Make an exact copy of the listing, without images.

** Data segment **

╔══

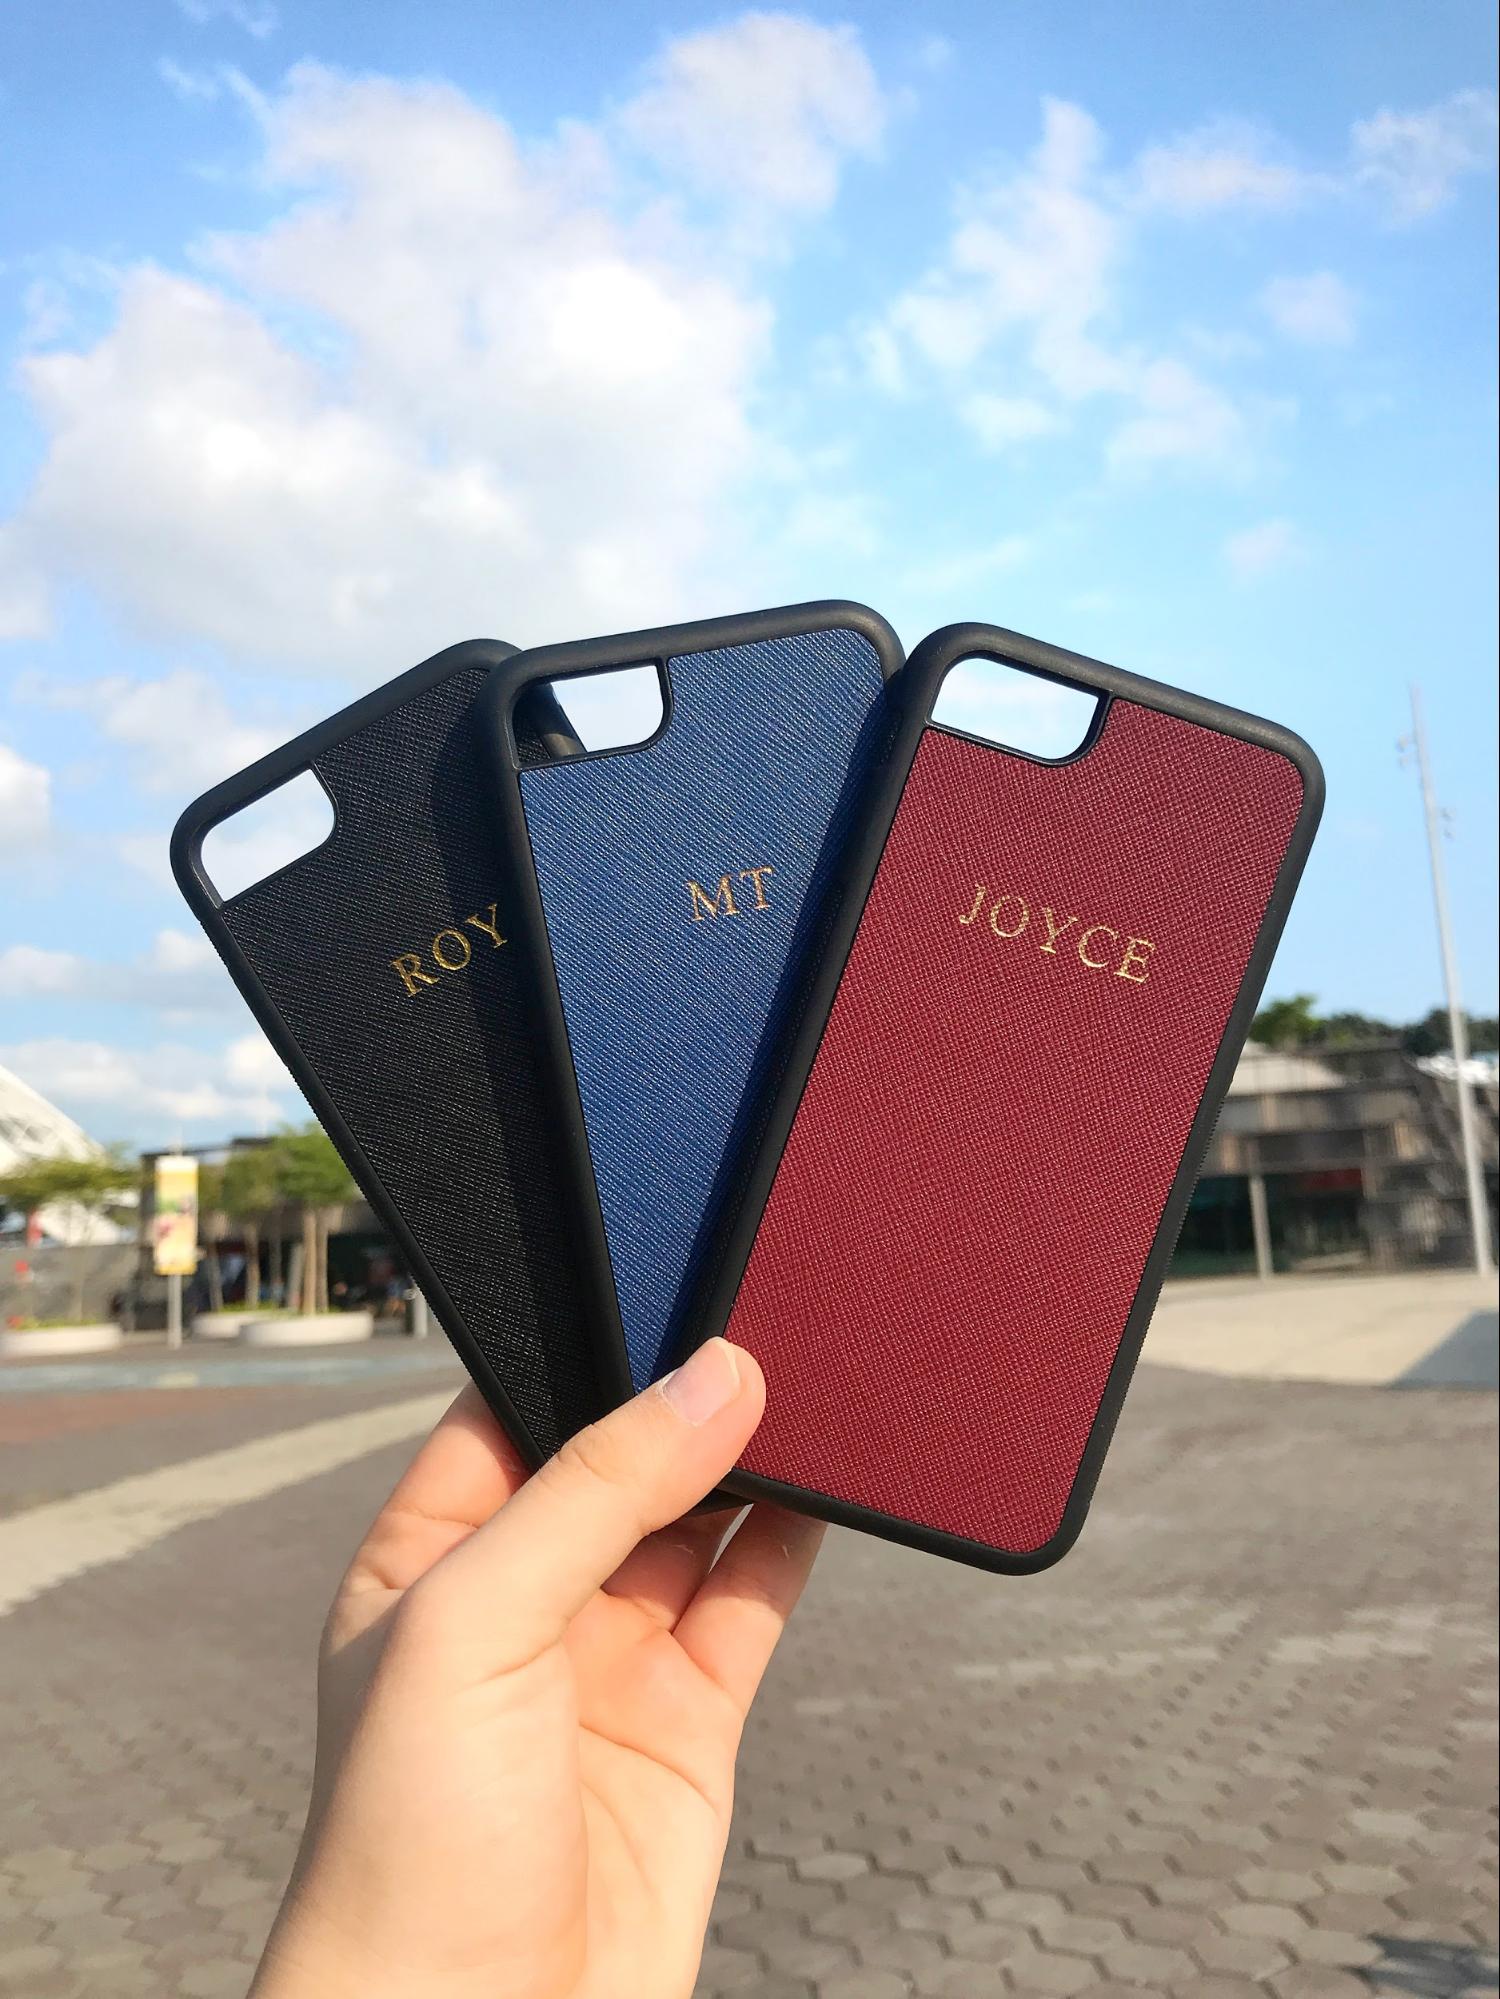 THEIMPRINT's phone cases
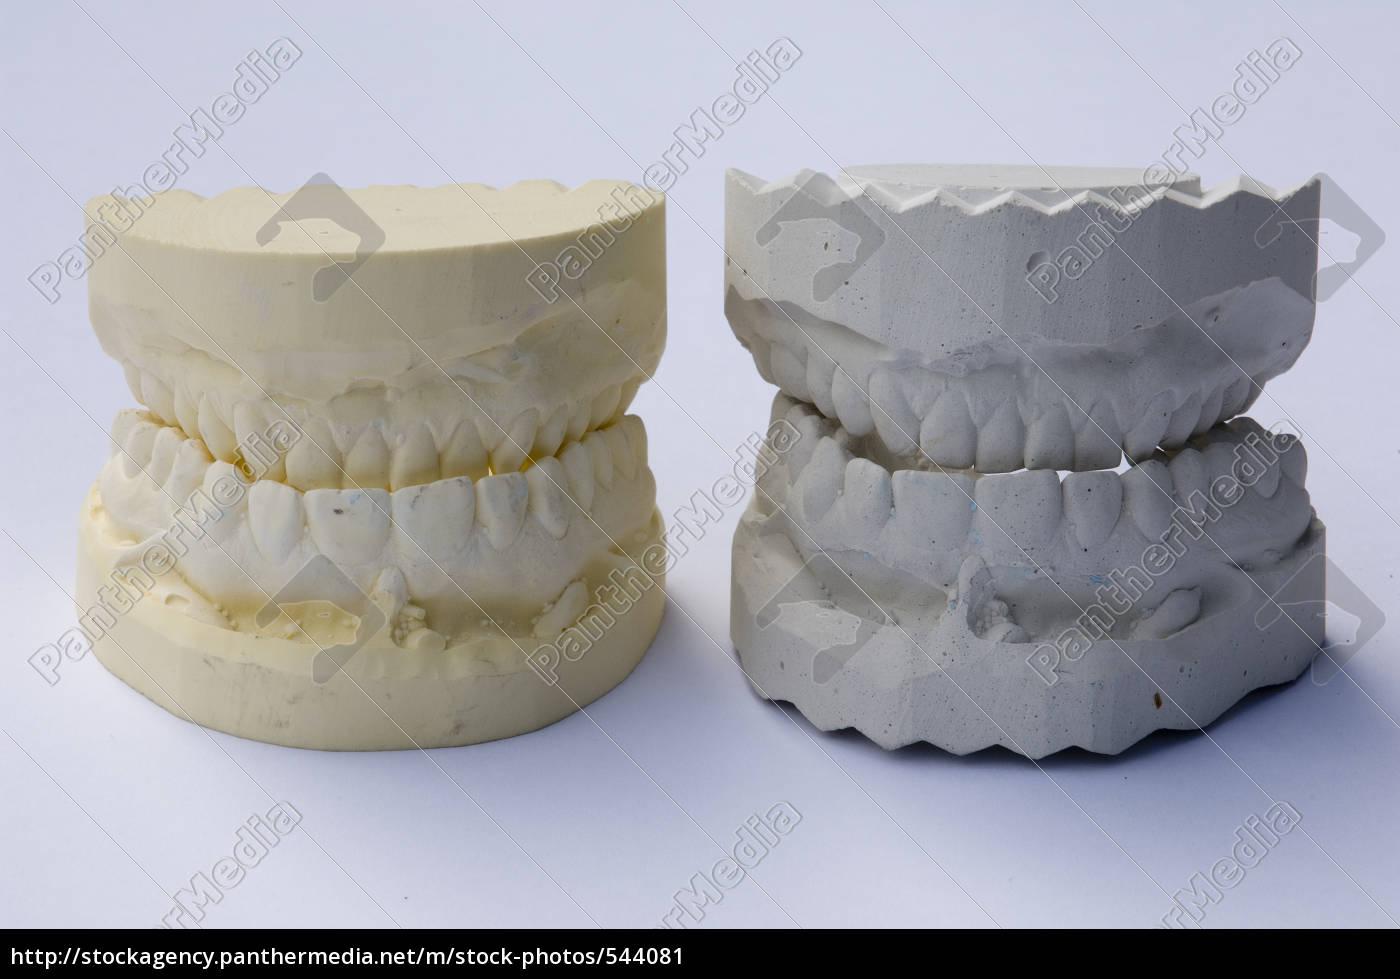 dentures - 544081
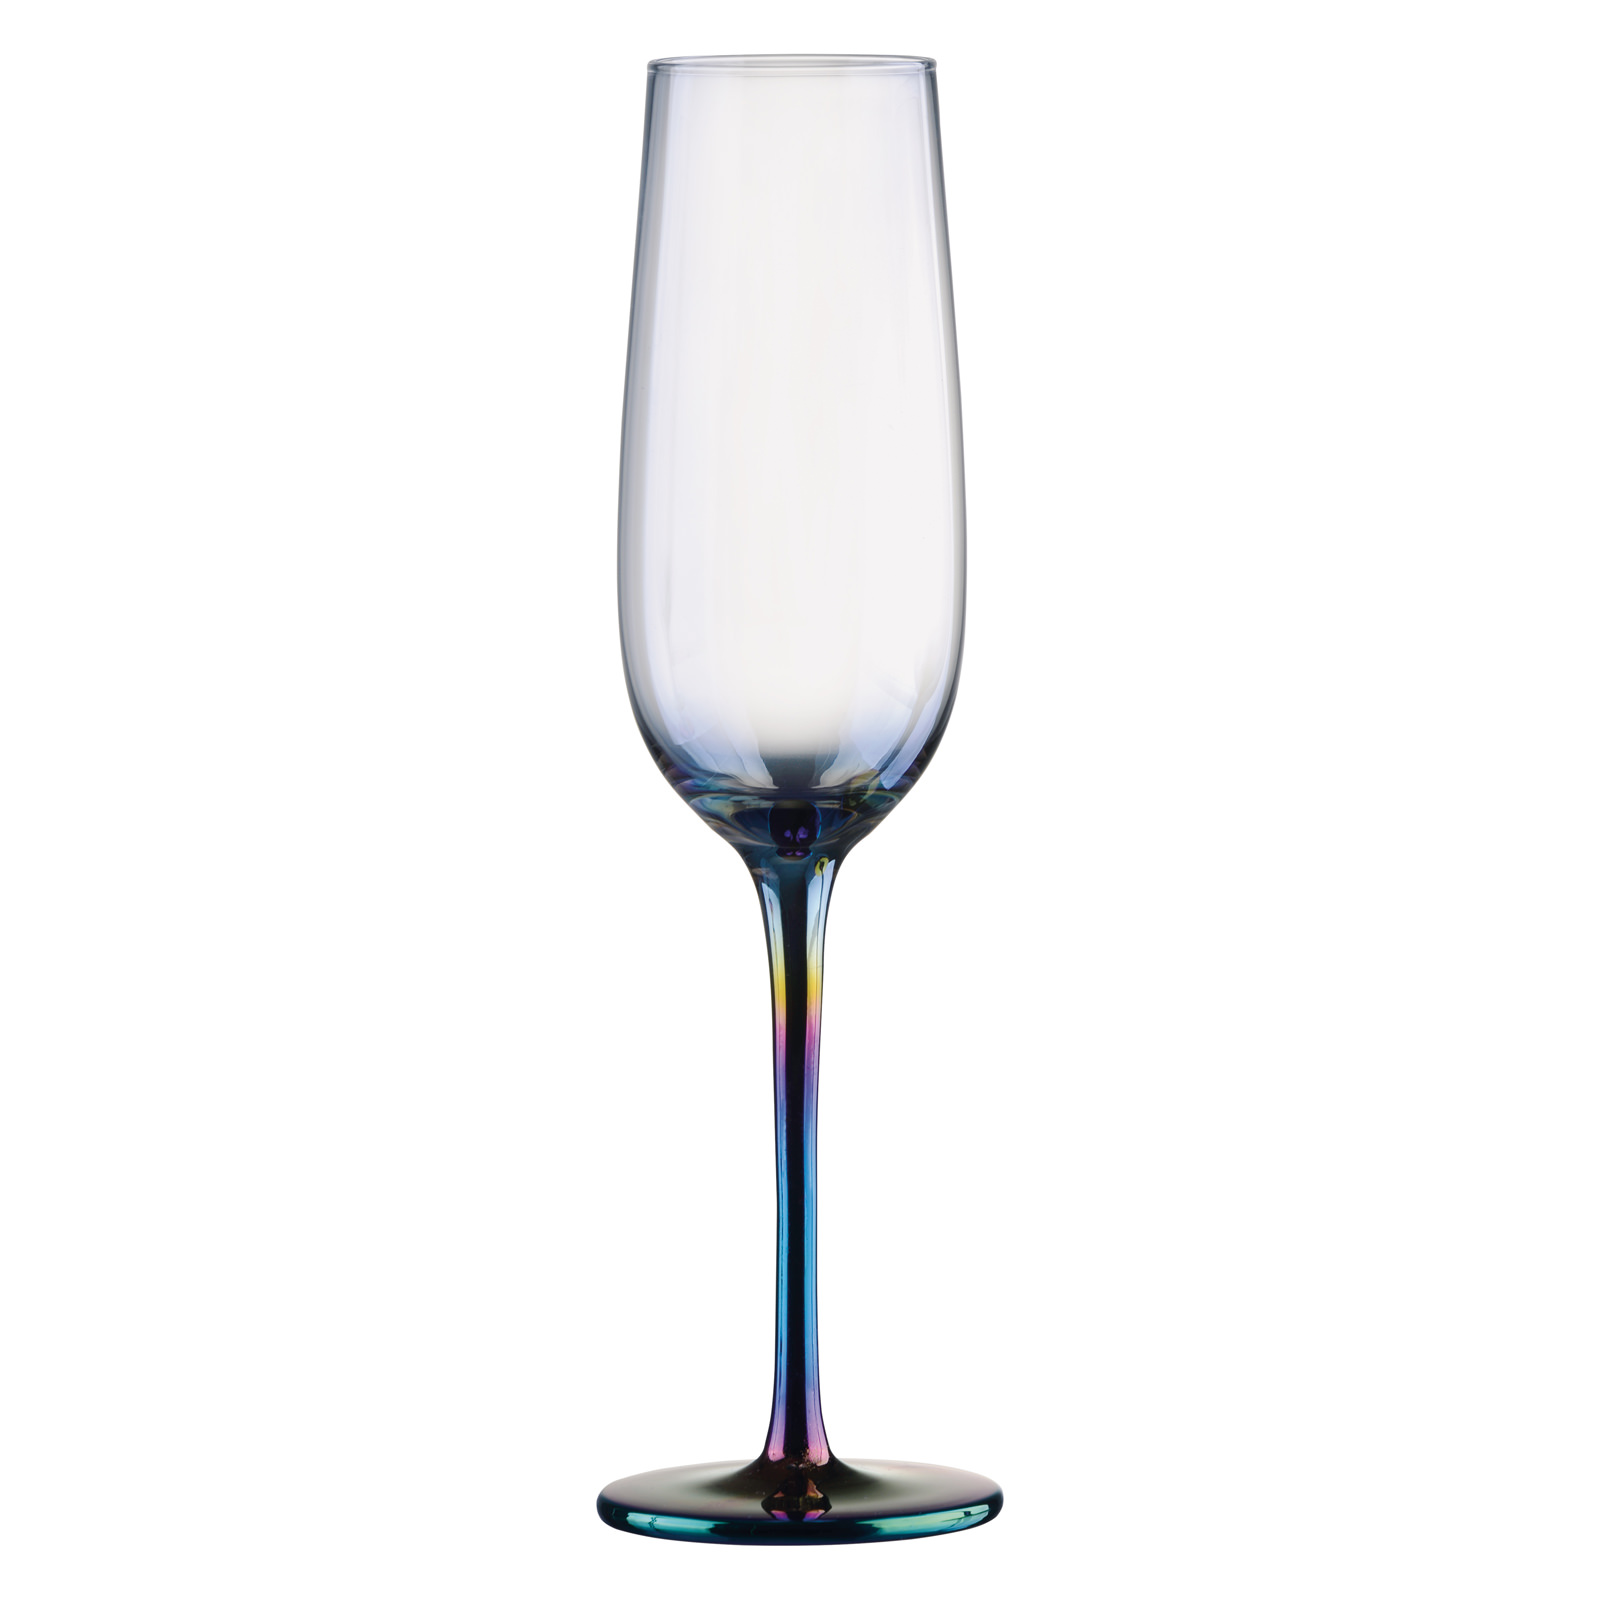 Mirage Champagne Flutes

╚══

** Response **
 THEIMPRINT's phone cases
 dentures - 544081
 Mirage Champagne Flutes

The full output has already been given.